“Strange Planet” is the latest co-creation of Dan Harmon (of Rick and Morty fame) and the best-selling writer and artist, Nathan W. Pyle. The AppleTV+ series features the whimsical art and stories of Pyle’s very popular comic strip series of the same name. “Strange Planet,” however, has none of the edge or dark humor of Rick and Morty and I think we can all agree, it is for the best.
Pyle, who may not be as famous as Harmon, still enjoys an audience of millions who are entertained by his work on Instagram, Facebook and other social media platforms. I, personally have been a fan of his blue beings for years and their often sober and philosophical discussions about life and finding meaning in their existence.
They are like us, only more honest and more connected to their feelings.
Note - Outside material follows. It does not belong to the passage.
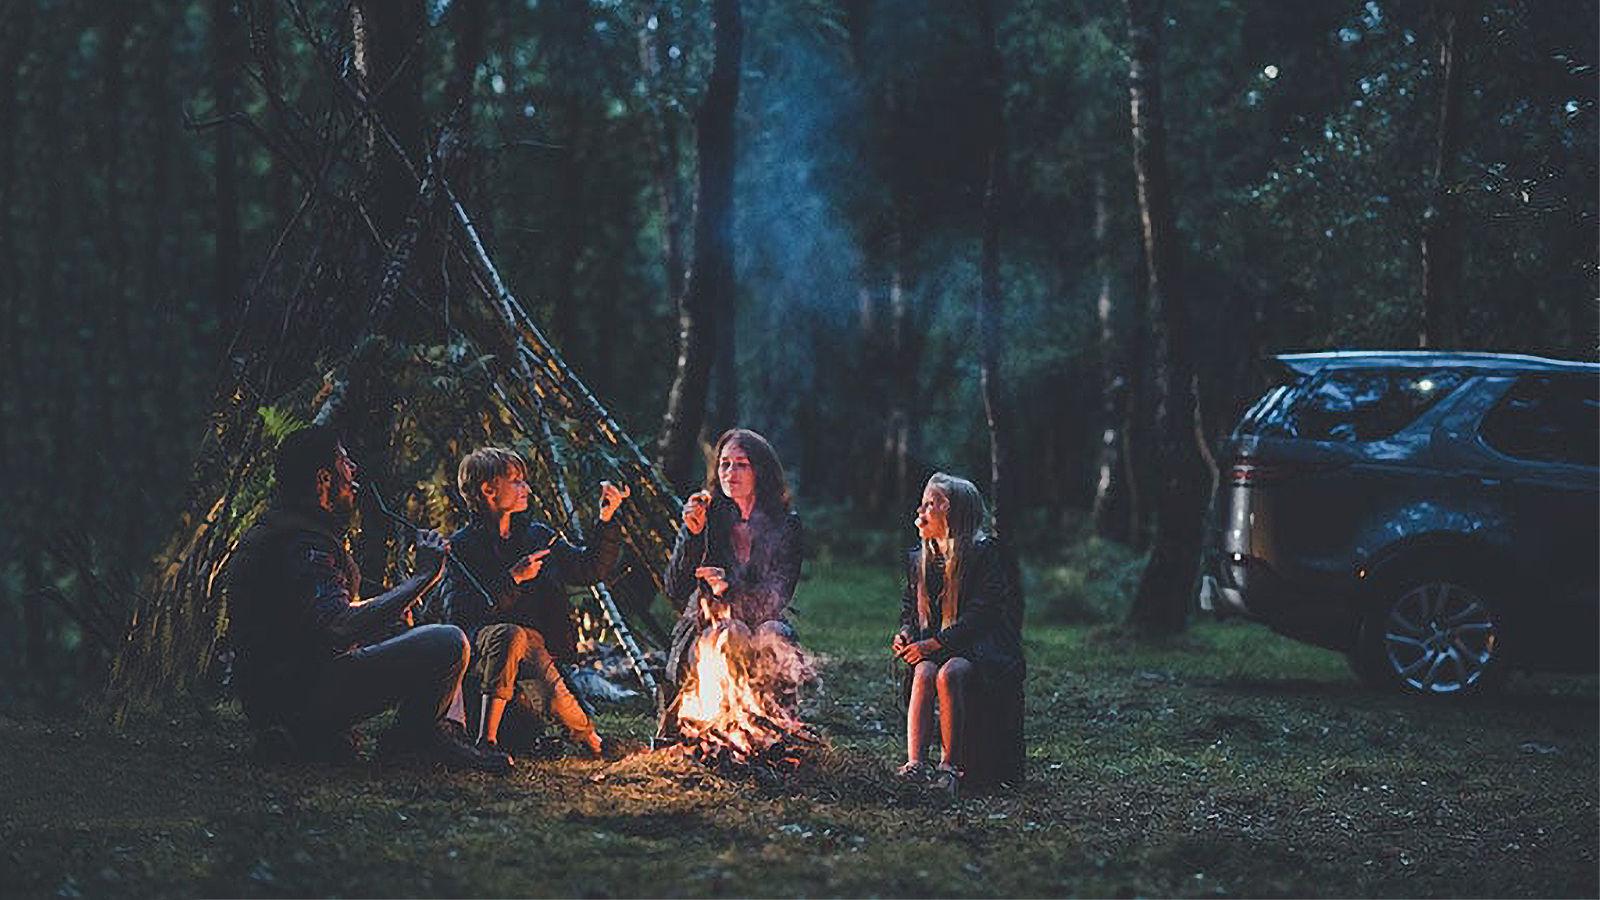 Kamp yapan aile 2

Pyle’s characters are odd and endearing in any number of ways, from their speech habits to their method of describing tools, technologies, and even their pets. “Respect the death blades,” is one of the directives they give to a child when teaching about cat care, for example.
One of the more unusual aspects of the Strange Planet series of comics is the fact none of the characters appear to have names. Since their adventures tended to only have four panels, we are often right in the middle of the event and names aren’t necessary to get to the heart of whatever they are talking about. I am unclear how this will be addressed in the series but if the show takes the same format as the comics, it may not matter, since it is likely to be a skit-related affair where the same voices will be used for multiple characters.
One of the things I like best about Strange World is the redefinition of common items with more honest and direct names. Coffee is dubbed “jitter liquid” and social drinking is defined as using a “mild poison” for personal fulfillment. Both statements are true, but for the people of Strange Planet, it is important to note this for clarity and awkwardness’ sake.
I find the Blue Beings refreshingly honest, seeking connection with their fellows, and looking to know themselves better, which I suspect this is part of their widespread appeal among the readers of the comics. This is quite a difference from the self-absorption, narcissism and psychological dysfunction of Harmon’s other famous project.
Can the television series capture the eclectic and ironic nature of Strange Planet’s blue beings? It would appear AppleTV+ certainly thinks so, having a star studded lineup of vocal talent, including Tunde Adebimpe, Demi Adejuyigbe, Lori Tan Chinn, Danny Pudi and Hannah Einbinder. “Strange Planet” is co-created and executive produced by Emmy Award winner Dan Harmon and New York Times bestselling author Nathan W. Pyle. “Strange Planet” is produced by Apple Studios and ShadowMachine.